Mode Condition Experience
Enhanced Profile + upstream skill outputs available Full chain analysis with cross-validated data
Rich ≥1 Clawsight source file found with relevant data Profile-driven analysis
Lite No profile data available Interactive Q&A, still useful but less personalized

Mode Detection Logic

1. Check for USER.md, MEMORY.md, memory/projects/*.md
2. Check for upstream skill output blocks (<!-- SKILL_OUTPUT ... -->)
3. If upstream outputs found → Enhanced Mode
4. If ≥1 source found with relevant data → Rich Mode
5. If no profile data → Lite Mode

Cross-Skill Data Passing

Format

Skills pass structured data via HTML comment blocks appended to the end of reports:

<!-- SKILL_NAME_OUTPUT
key1: value1
key2:
  - item1
  - item2
nested:
  sub_key: sub_value
-->

Rules

  1. Append-only: Output blocks are appended after the visible report
  2. YAML format: Content inside comment blocks uses YAML syntax
  3. Namespaced: Each skill uses its own prefix (e.g., CAREER_MIRROR_OUTPUT, TECH_SPECTRUM_OUTPUT, CAREER_SIM_OUTPUT)
  4. Optional consumption: Downstream skills check for but don't require upstream outputs
  5. No circular dependencies: Data flows in one direction only

Current Data Flow (4-Skill Chain)

career-mirror → CAREER_MIRROR_OUTPUT
                    ↓
              tech-spectrum → TECH_SPECTRUM_OUTPUT
                                   ↓
                            career-sim → CAREER_SIM_OUTPUT
                                              ↓
                                        tech-compass (reads all upstreams)

Invocation Patterns

Slash Commands

Each Scene Skill registers a slash command:

Command Skill
/career-mirror Career introspection
/tech-spectrum AI disruption positioning
/career-sim Divergent career path simulation
/tech-compass Action planning

Natural Language Triggers

Each SKILL.md defines natural language trigger patterns.

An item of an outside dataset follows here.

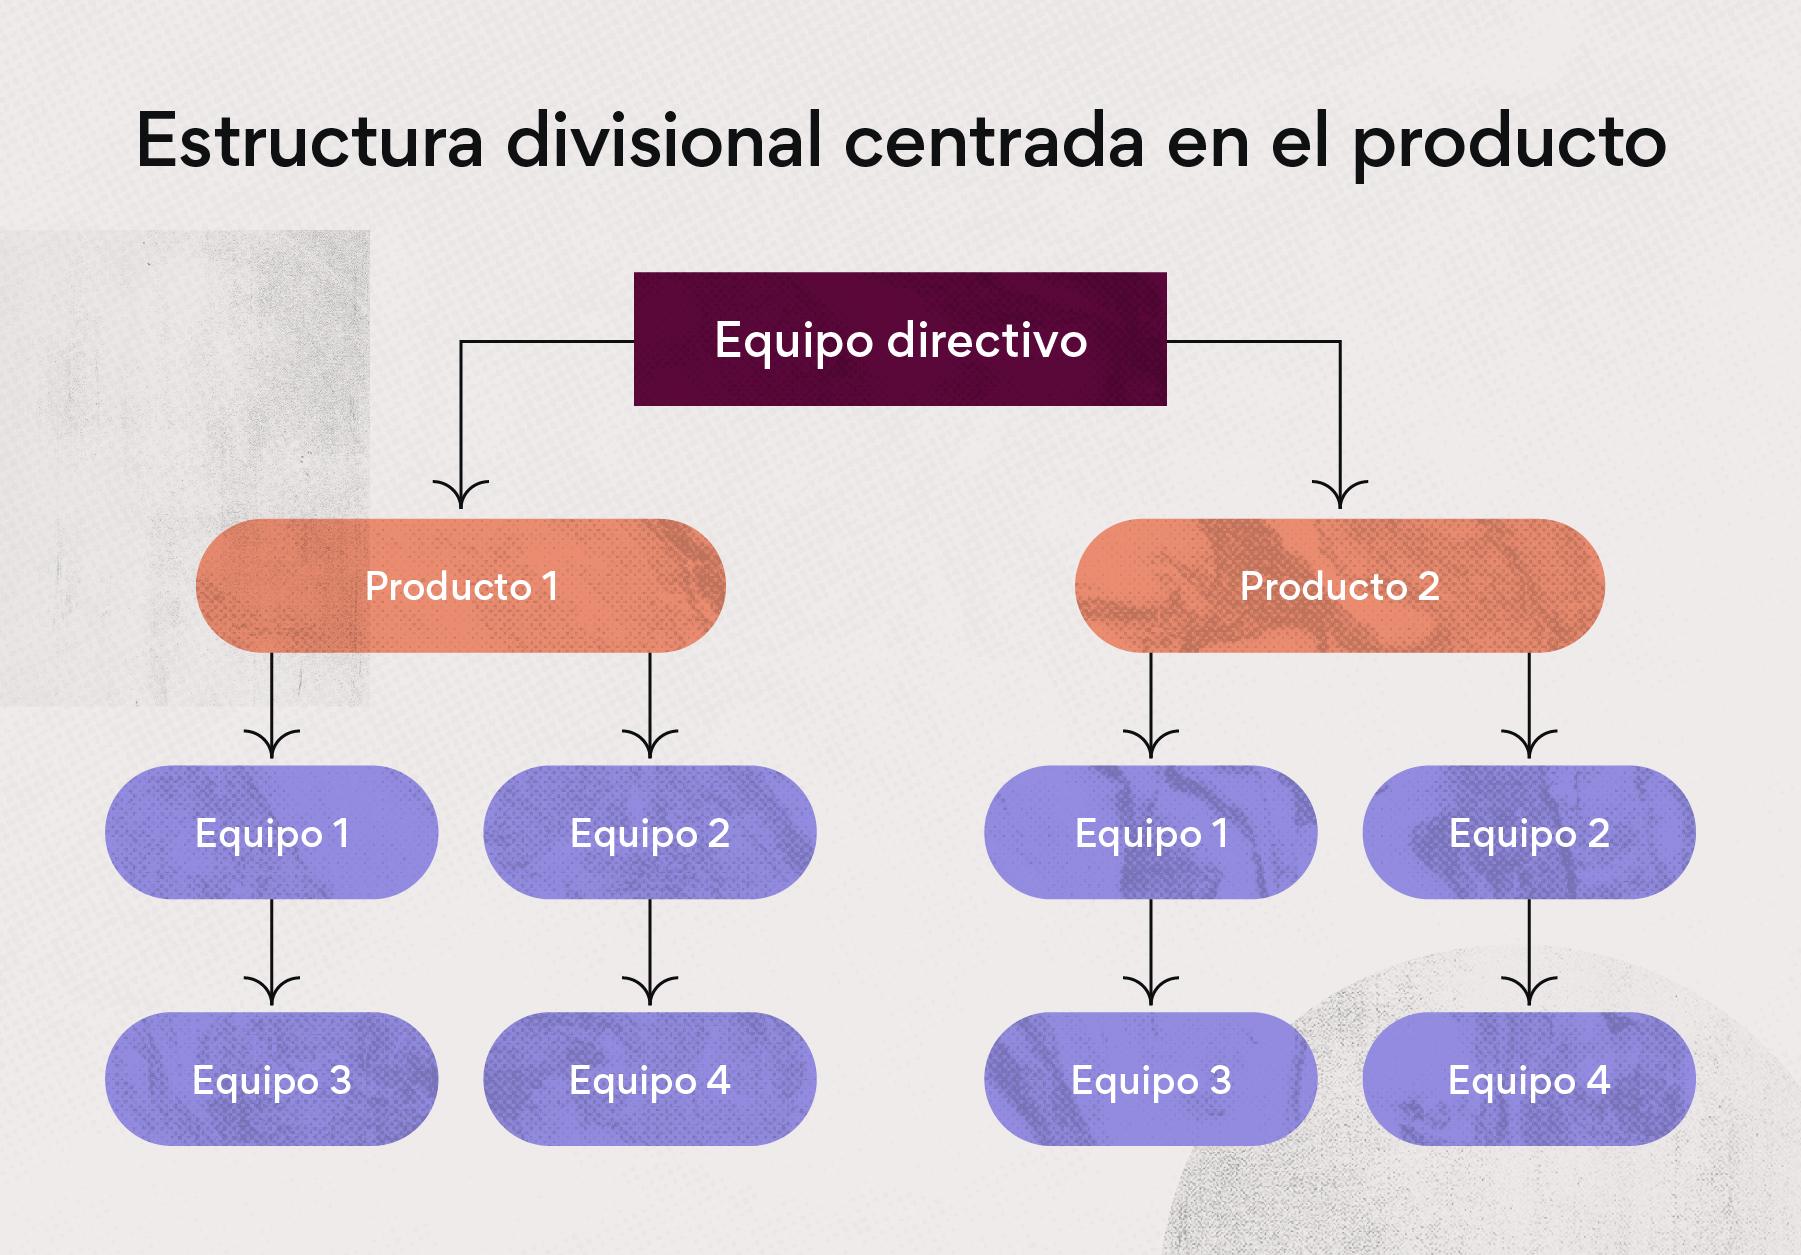 Estructura divisional centrada en el producto

Examples:

  • "analyze my career" → career-mirror
  • "where do I stand with AI" → tech-spectrum
  • "what are my career options" → career-sim
  • "what should I learn next" → tech-compass

Chain Invocation

Users can trigger the full chain:

  • Run /career-mirror first
  • Then /tech-spectrum (auto-detects career-mirror output)
  • Then /career-sim (auto-detects both upstream outputs)
  • Then /tech-compass (auto-detects all upstream outputs, aligns to chosen path)

Or run any skill independently — each degrades gracefully without upstream data.

Constraints for All Scene Skills

  1. Evidence-first: Every claim must reference specific profile data or state the basis
  2. Observation, not prescription (career-mirror specific): Describe what IS, not what SHOULD BE
  3. Read-only: Never suggest modifying USER.md/MEMORY.md directly
  4. Constructive framing: Present gaps as opportunities, not failures
  5. Confidence marking: Use [high]/[medium]/[low] confidence indicators
  6. Scope boundary: Each skill has a defined scope — do not overlap with other skills' domains

MCP Enhancement Path

Phase Capability Data Sources
Phase 1 (current) Pure Skill LLM knowledge only
Phase 2 MCP tools Web search, job market APIs, trend APIs
Phase 3 Data layer Structured trend database, historical tracking

Phase 2+ enhancements are additive — Phase 1 functionality is always the fallback.